Hi Guys,
I bought QA-402 quite some time back but didnt really have enough time tinkering with this great device.
Would like to measure bandwidth of my DIY input transformer. It’s 600:600R, 1:1, around 40R resistance in Primary/Secondary.
Do I need to add R in series when injecting the signal to its primary? I assume 2Vrms will be sufficient?
Any suggestion welcome.
Thanks.
Hi @Jimmy168, driving 600 ohms shouldn’t be an issue, but remember there’s 100 ohms of output Rin the QA402 outputs. And if you drive balanced that will be 200 ohms total. So, all up, you are probably looking at 800 ohms of load which isn’t an issue for the output opamps (OPA1612).
If your transformer wants to see specific input/output impedances, you will need to add R to get those numbers right. On the output side, it’d be series R. On the input side, it could be a parallel R across the inputs of the analyzer (or outputs of the transformer, depending on how you want to look at it).
And the, you can do a quick chirp at low levels (-10 dBV or so) to learn the frequency response, and then start some automated tests where you step up in voltage to learn more about the transformer saturation etc.
Feel free to post what you are measuring. I think a lot of folks would enjoy learning what you are up to.
Hi Matt, thanks for your reply.
I dont think there will be an issue with the 100R R output as I’m not really measuring on specific impedance.
What my worry was the primary/secondary DCR resistance is around 40R each. Not sure if it will be too low or not?
Noted on the R on input and R load at output.
My first time measuring Input Transformer - as it’s small and low primary/secondary resistance (40R), I really dont warn to damage either the transformer or my QA402… 
Thank you very much.
@matt , may I know the input impedance of QA402? Example if I remove 1K5 load from my Input Transformer output and direct to QA402 input, what load that my Input Transformer output side will see?
Thanks.
Jimmy.
Hi Jimmy, the input impedance appears as follows: The BNC input goes to a 4.7uF cap in series with a 470 ohm, followed by a shunt of 100k ohms. Overall, we consider it a 100k series input.
Thanks @matt .
Any idea if QA404 will do 384k (so we can measure 200 kHz)?
Hi @Jimmy168, no, the QA403 won’t do 384K.
How did you measure the 40 Ohm resistance? With a DVM?
Best regards?
Yes. Any recommendation how to measure?
That´s not the right way. Due the using of dc voltage you magnetize the core permanently. The core is made with highly permeable metal. Due the using of DC you can damage the transformer permanently. There is a exists a procedure made by Studer to undo this magnetization. The only way is to use a LCR-Bridge or impedance analyzer. Then you can measure the impedance of every winding. The DC-resistance is not the right value.
Best regards!
I understand that measuring impedance is different vs resistance. I just want to know the DCR of each winding.

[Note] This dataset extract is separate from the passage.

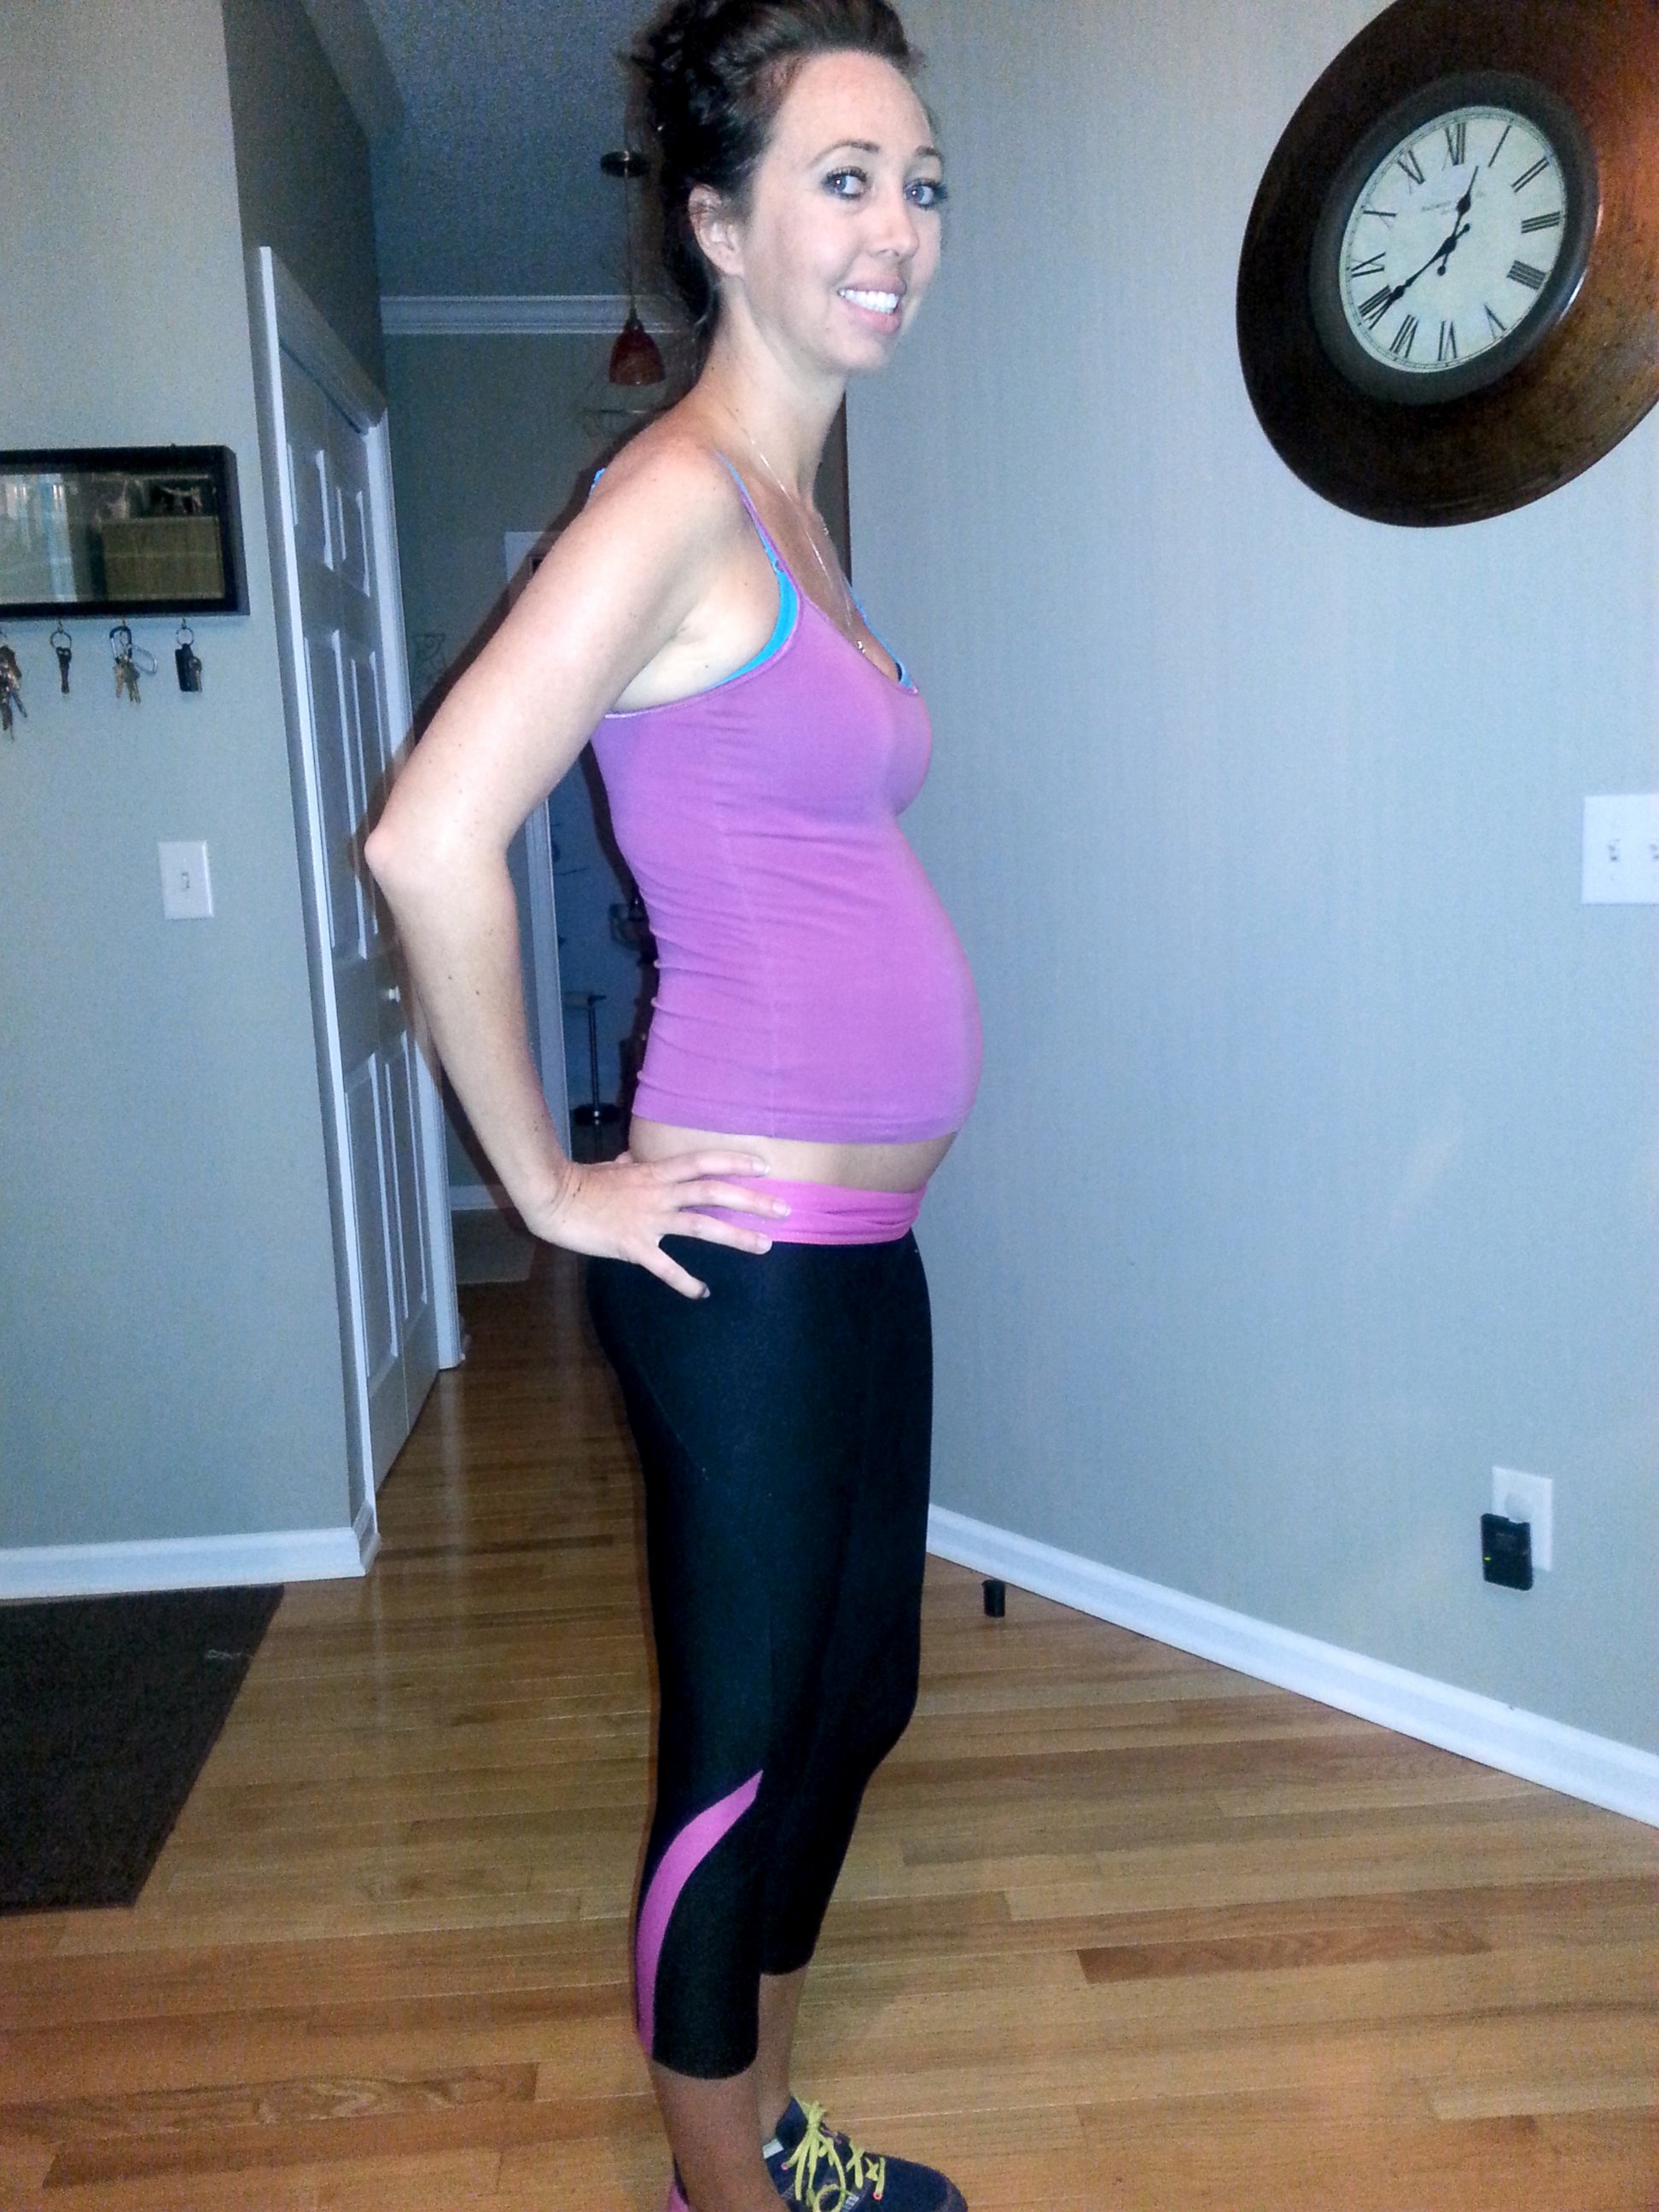 PHOTO: Melissa Mantor said she was asked to leave a Planet Fitness gym because of her partially exposed pregnant belly. Here, a photo of Mantor wearing the same outfit she was wearing the day of the incident.

So you mean using DMM to measure DCR might damage the transformer?
Thanks.
A transformer is a complex resistor made up of several components. The DC resistance is irrelevant because DC cannot be transmitted by a transformer. Only changing voltages can be transmitted. The impedance describes the behavior of the transformer in its typical use. Superimposed DC voltage increases the distortion factor of the transformer and also leads to increased microphonics due, among other things, to the permanent magnetization of the core by the DC voltage. Input transformers are only designed for low voltages and use highly permeable metal sheets to enable the required frequency range. That’s why input transformers are always DC decoupled. Voltages such as those from a multimeter can permanently damage an input transformer. What kind of multimeter do you use? The decisive factor for the induction, which is what we are talking about here, is the change in the potential from zero to the voltage for the test object, which is output by the multimeter, because without this no resistance can be measured. Recommended literature: Domsch: Domsch: “Der Übertrager der Nachrichtentechnik”. Sorry for my english. I´m not a native speaker.
Best regards!
Ah got it. I guess if the DMM delivers enough current to magnetize the core, the it might damage it…
So we need to demagnetize it then.
Thanks.
It’s not the current damage the transformer. It is the DC voltage that is applied.
Best regards!
That’s not what I understand… Thanks anyway.
I have tested the transformer and all good. No missing bandwidth. Was ready to demag if needed.
Thanks.
Only current in a winding can magnetize the core, magnetic flux is proportional to both current and turns-count. Voltage merely affects the rate of change of current. For sinusoidal signals lower frequencies mean a given voltage drives more current through the winding, ultimately limited by the DC resistance of the winding.
A DC voltage would create a DC current (in a circuit of course) and multimeters measure resistance by injecting a DC current into whatever is connected between their probes. It is the DC current that will both magnetizes the transformer’s core and reduces it’s inductance - unless of course said transformer is gapped or designed for some DC current.
We are talking micro amperes here.
On my Fluke 183’s internal current shunt, my Fluke 87 drove 337.6uA (micro amps) for a 50R measured reading on the 87.
Yes, I have same understanding. The current is too small to create issue. I have checked both Inductance and Bandwidth. No issue so far. Sound test also not indicating any issue on low frequency.
Thanks.